Roasted Cauli-Mash

My first attempt ever at cauli-mash and it won’t be the last. This was so delicious + easy. I paired it with a large mushroom cap sautéed in homemade vegan bbq sauce + shredded kale/sprouts. Perfect side for ANY meal!


Serves 4

1 medium cauliflower, cut into pieces (size doesn’t matter too much here, we’ll blend later)

3 fresh garlic cloves, peeled + whole

1/2 cup vegetable stock

avocado oil

fresh parsley, chopped

fresh chives, chopped

salt + pepper

Note: I rarely measure my herbs. Feel free to use as much as you wish.

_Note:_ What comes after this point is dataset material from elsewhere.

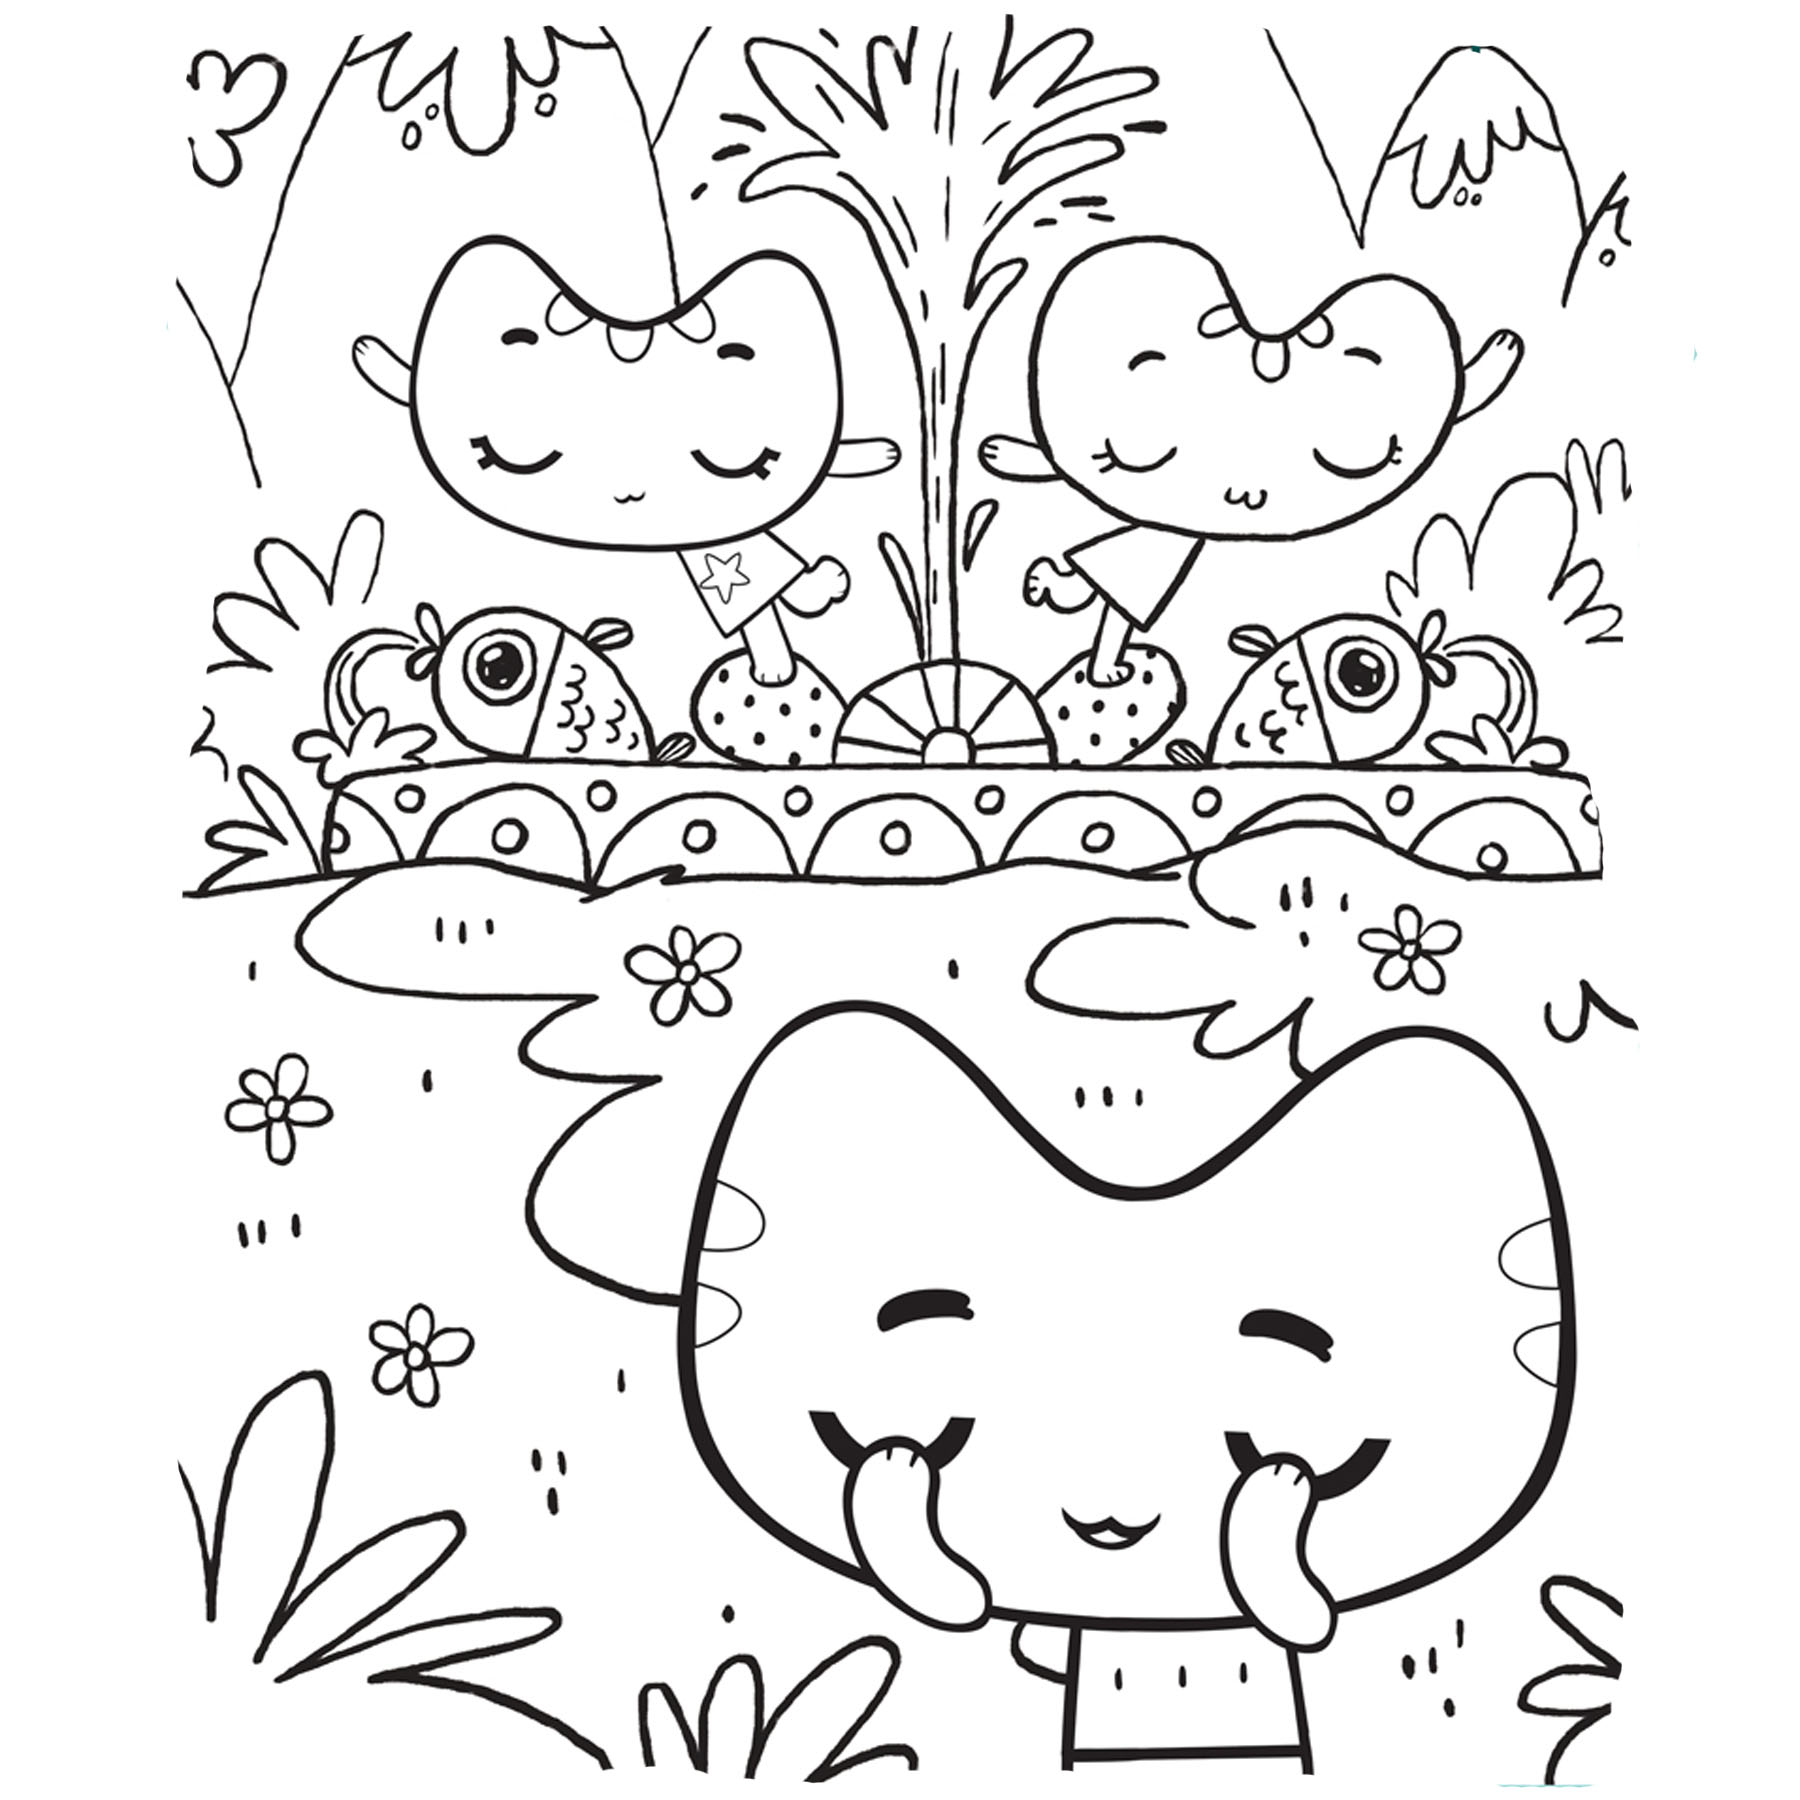 Котики вперед раскраска - детские раскраски распечатать ...

  1. Preheat oven to 425 degrees. Add chopped cauliflower pieces and garlic cloves onto parchment lined baking sheet. Drizzle with avocado oil + sea salt. Place in oven for about 40-50 minutes. Cauliflower should be browned and soft (NOT mushy).
  2. Remove from oven and allow to cool for a few minutes.
  3. Transfer cauliflower + garlic to blender. Add fresh parsley and a splash of vegetable stock.
  4. Begin to pulse mixture until desired mash texture is achieved. Add vegetable stock as needed. Add salt + pepper to taste.
  5. Finish with chopped chives. Ta da!